Build a new baseline from a rule set and write it to YAML.

Groups rules into profiles by their section (or by special section tags inherent, permanent, n_a, supplemental when present), loads section descriptions from config["sections_dir"], and serialises the result via to_yaml. If baseline_dict lacks a title or description they’re synthesised from the other arguments.

Args

  • output_file (Path) — Destination YAML file for the new baseline.
  • rules (list[Macsecurityrule]) — Rules to include.
  • baseline_name (str | None) — Short identifier folded into the synthesised title/description if those aren’t supplied.
  • authors (list[Author]) — Authors attributed to the baseline.
  • full_title (str) — Long-form title prepended to the synthesised title and description when set.
  • benchmark (str) — Benchmark identifier (e.g. "recommended"); stored as parent_values and used to extend the synthesised description when equal to "recommended".
  • os_type (str) — Operating-system family (e.g. "macOS").
  • os_version (float) — Operating-system version (e.g. 15.0).
  • baseline_dict (dict[str, Any]) — Additional baseline metadata merged into the constructor; title and description are filled in if absent.
  • language (str) — Language code for loaded section descriptions.

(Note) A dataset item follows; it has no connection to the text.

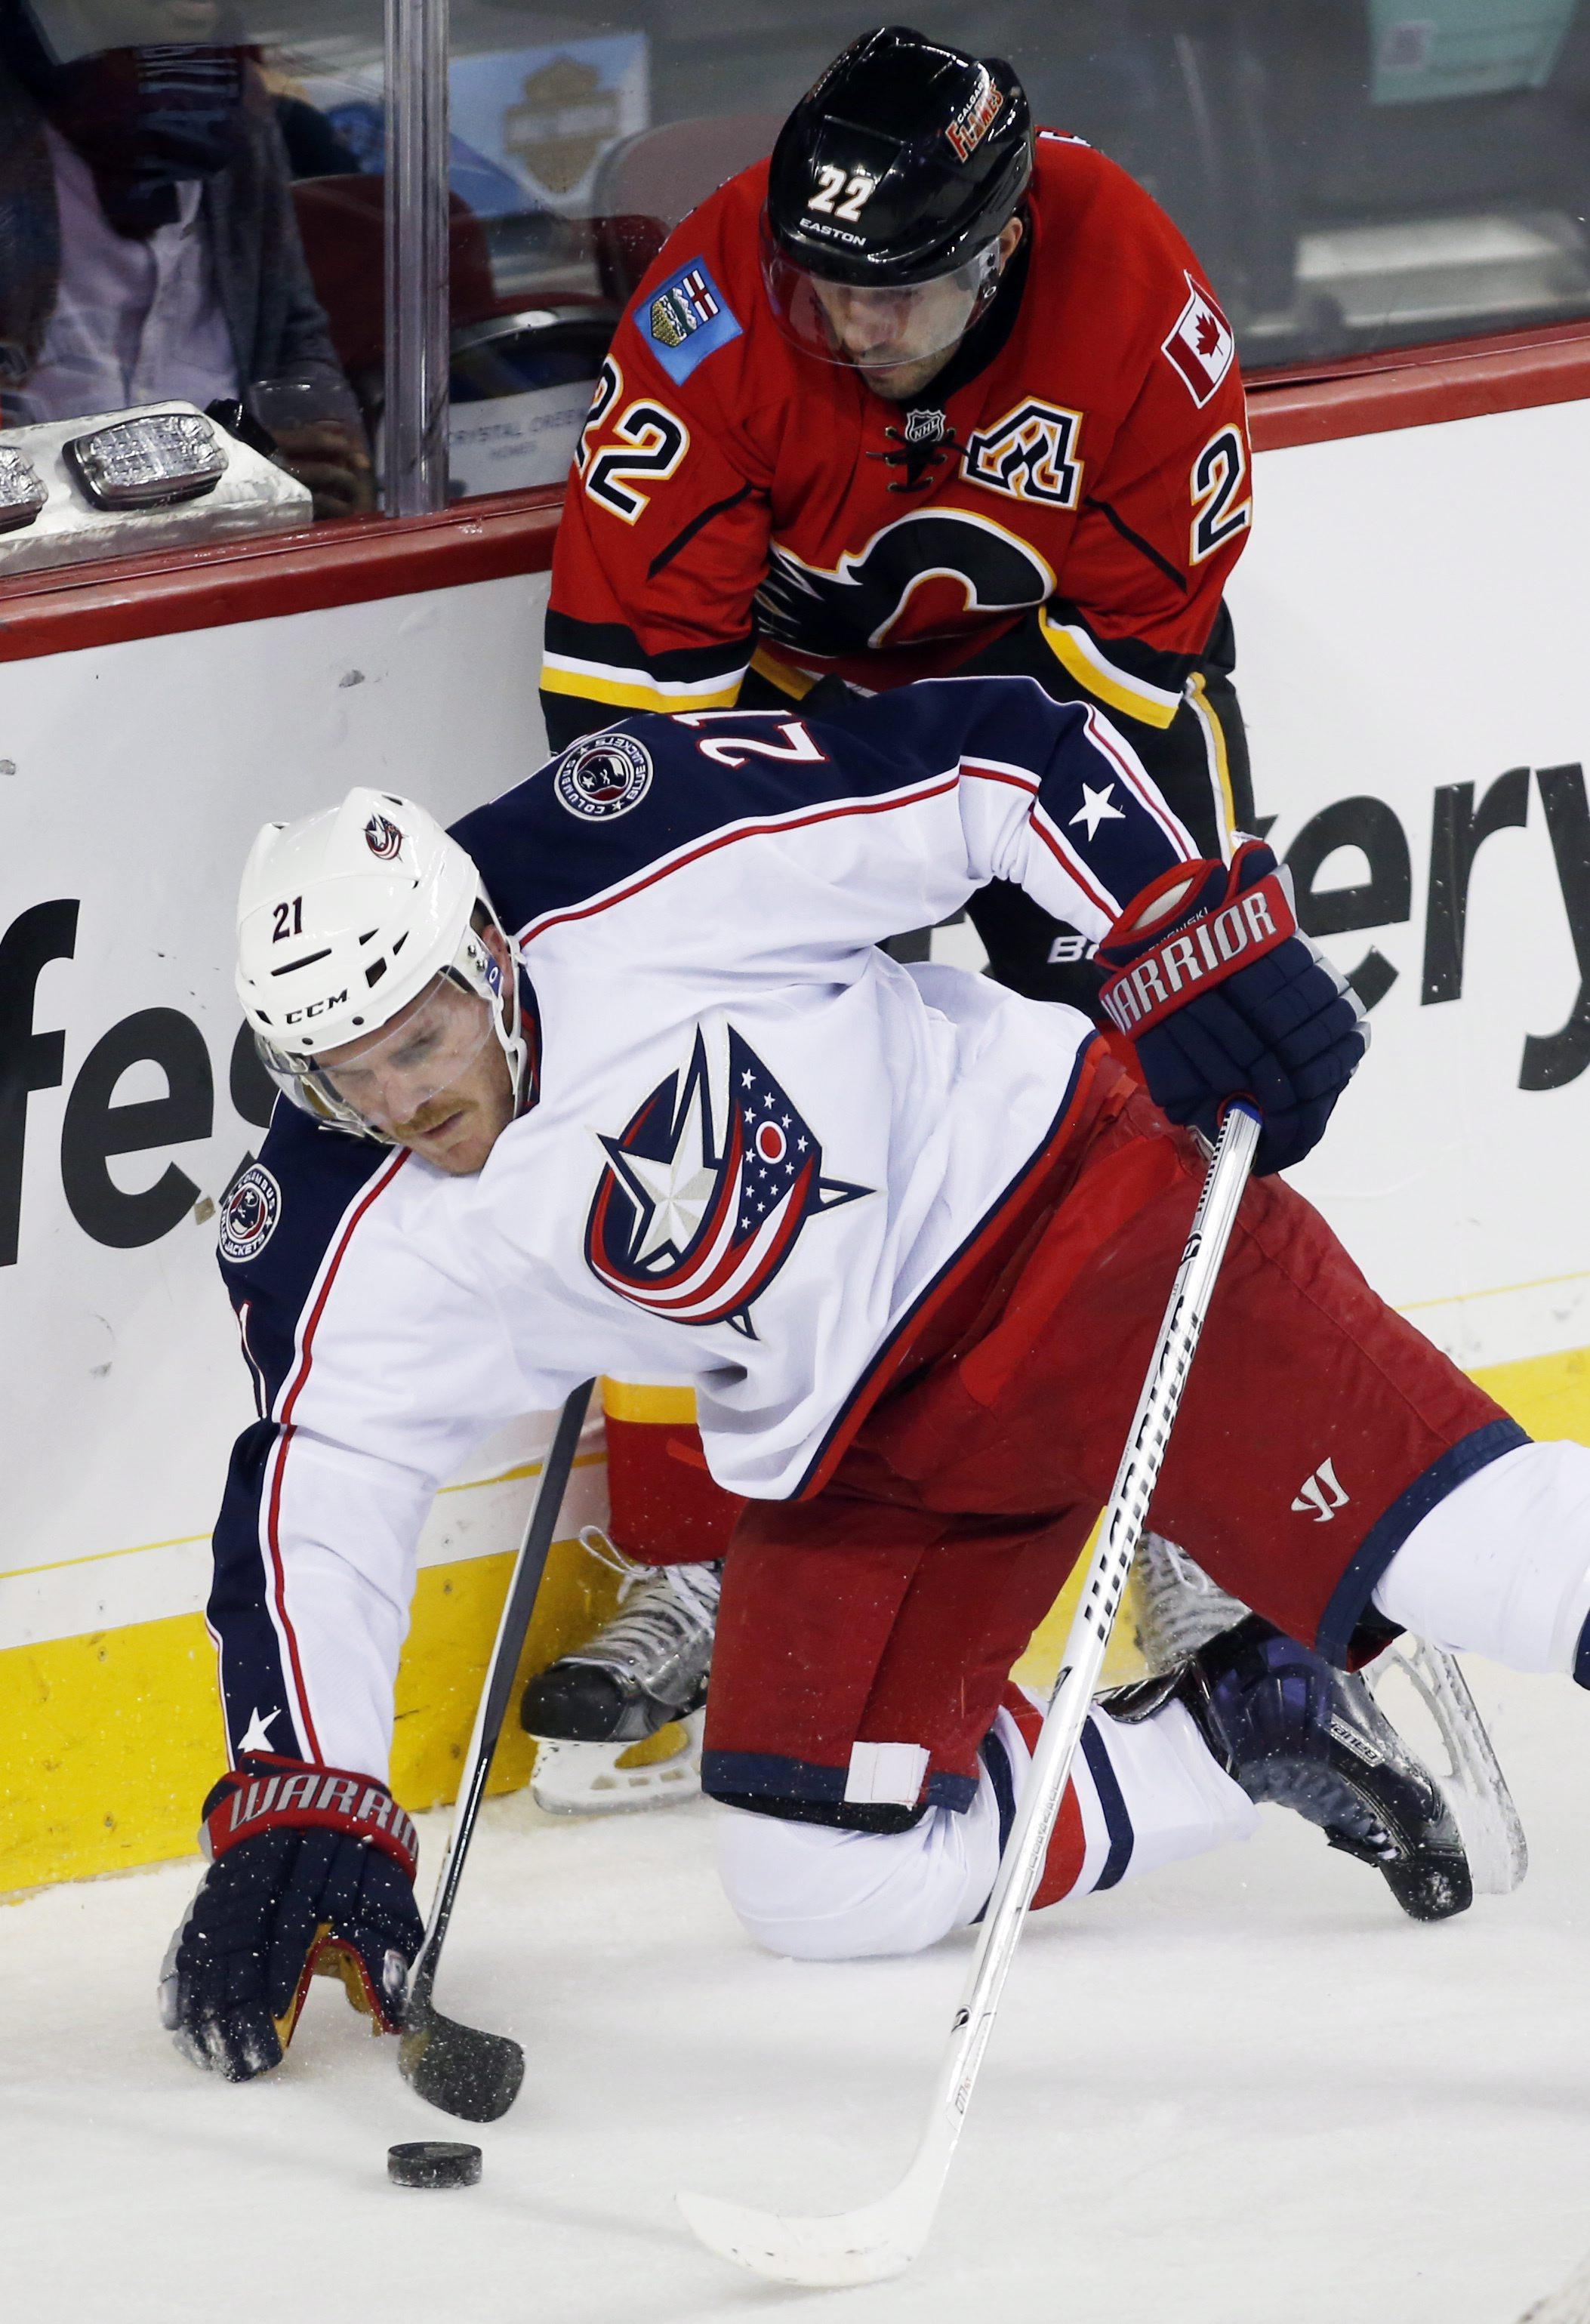 Columbus Blue Jackets' James Wisniewski, left, falls on the stick of Calgary Flames' Lee Stempniak during first period NHL hockey action in Calgary, Alberta, Wednesday, Nov. 20, 2013

Defaults to "en".

Side Effects

  • Writes the generated baseline to output_file. Reads every
  • *.y*ml file in config["sections_dir"] to resolve
  • section descriptions.
to_dataframe(self) -> pd.DataFrame

Flatten the baseline’s rules into a pandas.DataFrame.

Each rule contributes one row. The nested references mapping is unpacked so each reference namespace (nist, disa, etc.) becomes its own column.

Returns

  • pd.DataFrame — One row per rule across all profiles, with rule fields and unpacked references as columns.
to_yaml(self, output_path: Path) -> None

Serialise this baseline to YAML in canonical key order.

The serialised document orders top-level keys as title, description, authors, parent_values, platform, profile (any other keys are dropped), and orders profiles by a fixed sequence (Auditing, Authentication, iCloud, Operating System, Password Policy, System Settings, followed by the special sections). Within each profile, rules is reduced to a sorted list of rule IDs.

Args

  • output_path (Path) — Destination YAML file.